Bundeswirtschaftsminister Rösler will den Bau neuer Kohlekraftwerke finanziell fördern. Er stößt auf Widerstand – nicht nur bei Klimaschützern, sondern auch in Brüssel. von 

Anzeigenkampagne des Bundeswirtschaftsministeriums

Anzeigenkampagne des Bundeswirtschaftsministeriums  |  © BMWI

Es ist eine schicke Werbekampagne, die sich das Bundeswirtschaftsministerium ausgedacht hat. Das Motiv: Ein Kraftwerk im pastellfarbenem Abendrot, darauf prangt der Slogan "Kraftwerke? Ja bitte!"

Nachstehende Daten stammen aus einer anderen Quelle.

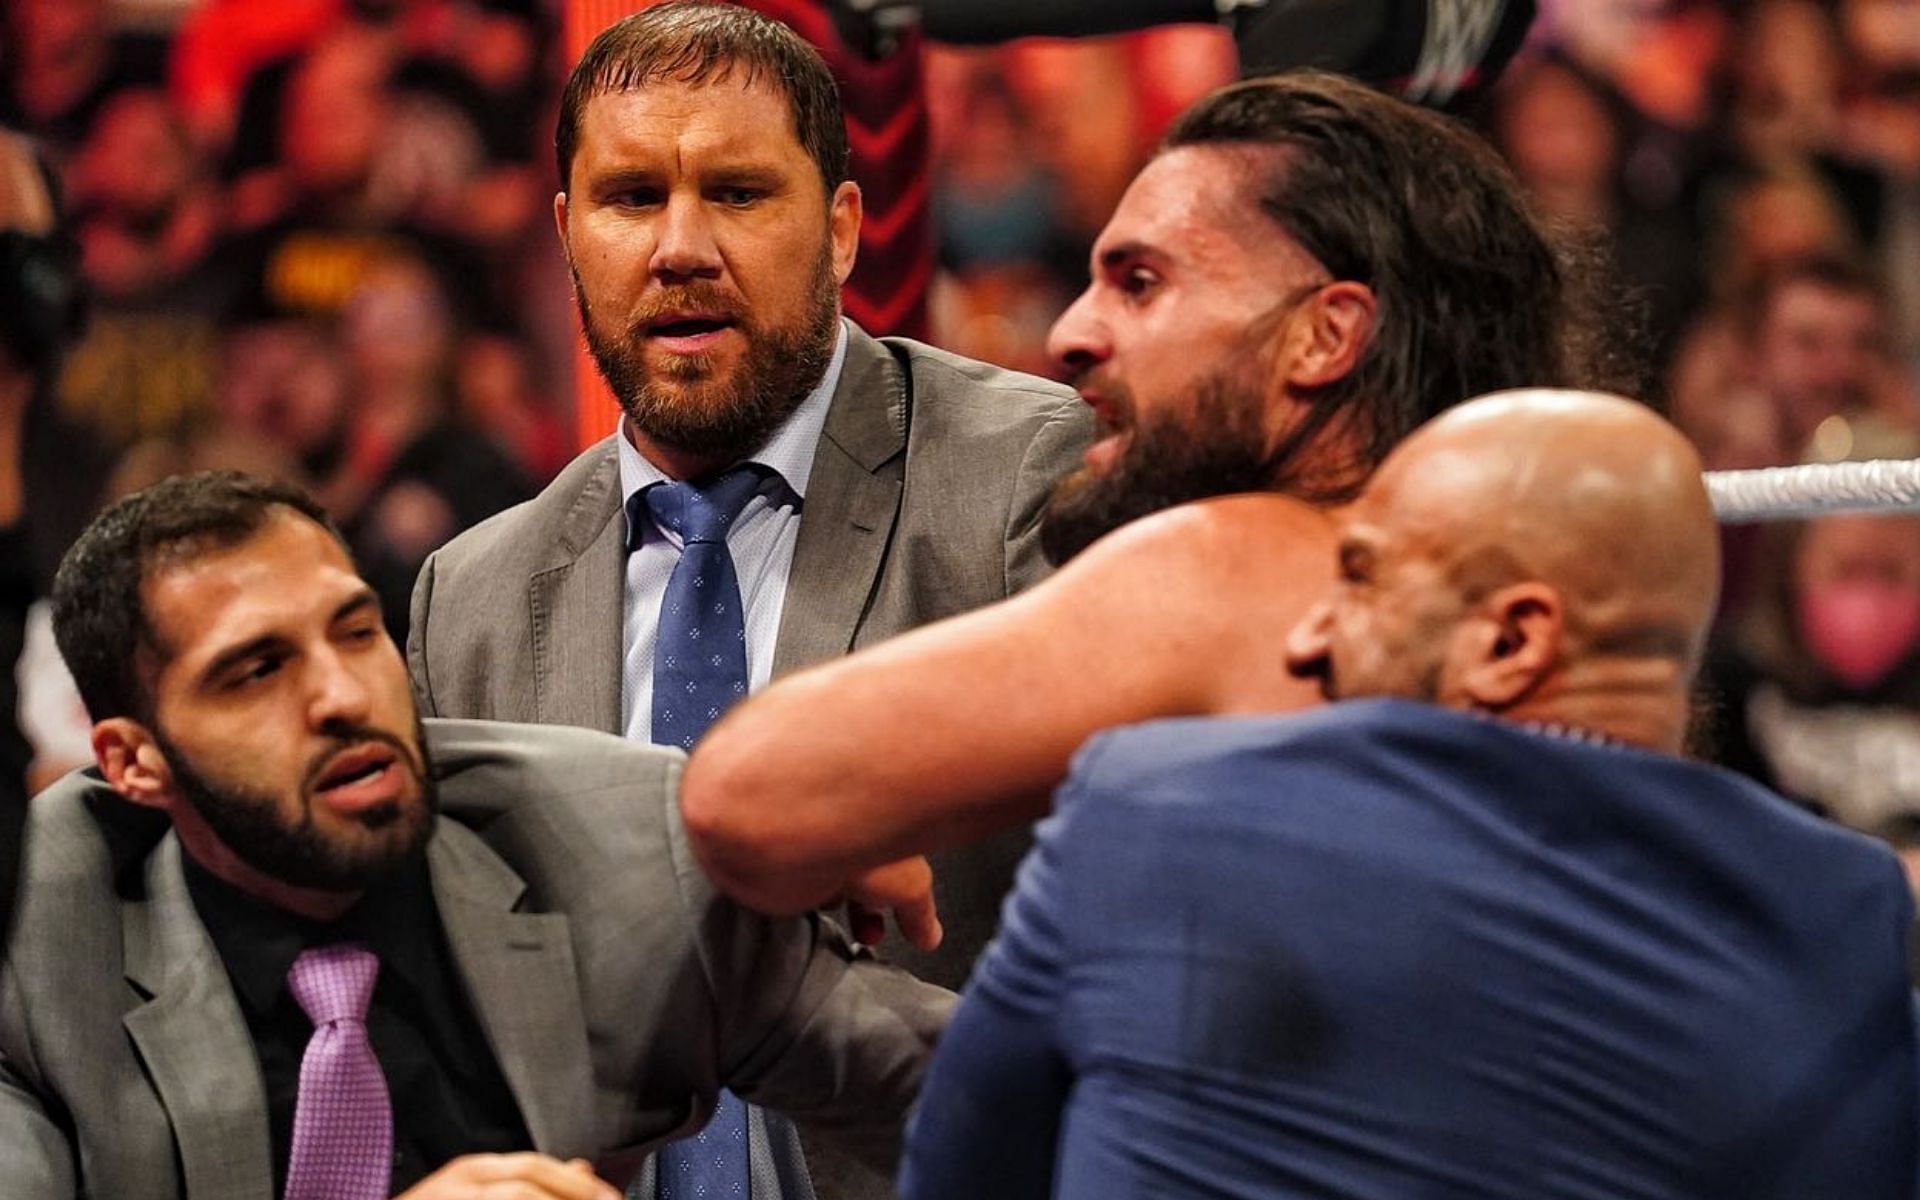 Curtis Axel surprised wrestling fans all over by making a surprise RAW appearance
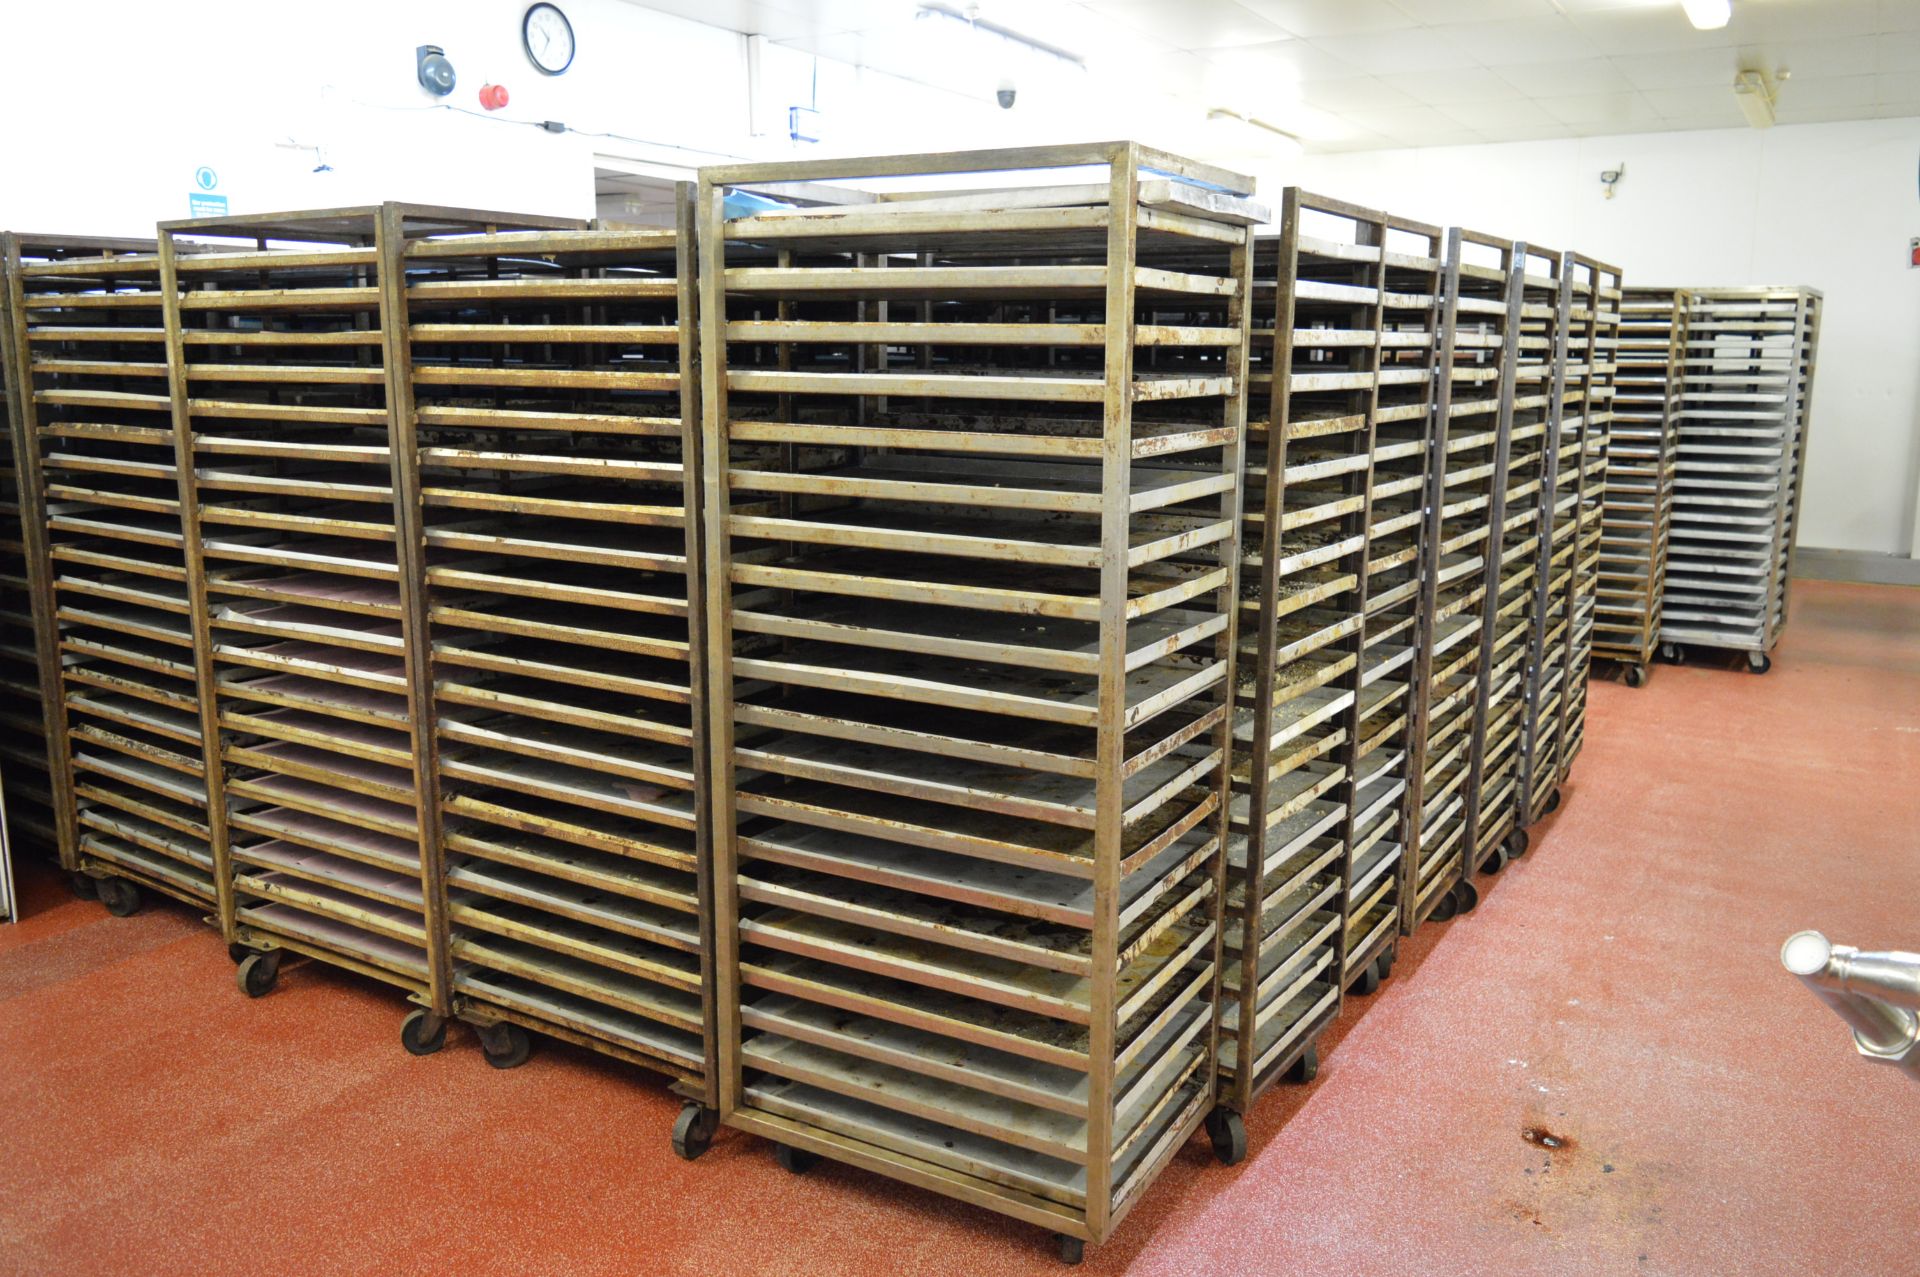 5 x stainless steel, mobile oven racks with trays (Located at Crantock Bakery, Newquay)

Seit Anfang Dezember wirbt Bundeswirtschaftsminister Philipp Rösler (FDP) für den Neubau von Kraftwerken, ausdrücklich auch für konventionelle, also für Braun-, Steinkohle- und Gaskraftwerke. Persönlich hat er Briefe verfasst und Unterstützer gesucht. Auch die Deutsche Umwelthilfe erhielt Post von ihm. "Wer für den vollständigen Verzicht auf Strom aus Kernenergie eintritt, kann nicht die Notwendigkeit neuer Kraftwerke und Netze bestreiten oder gar entsprechende Projekte bekämpfen", schrieb Rösler.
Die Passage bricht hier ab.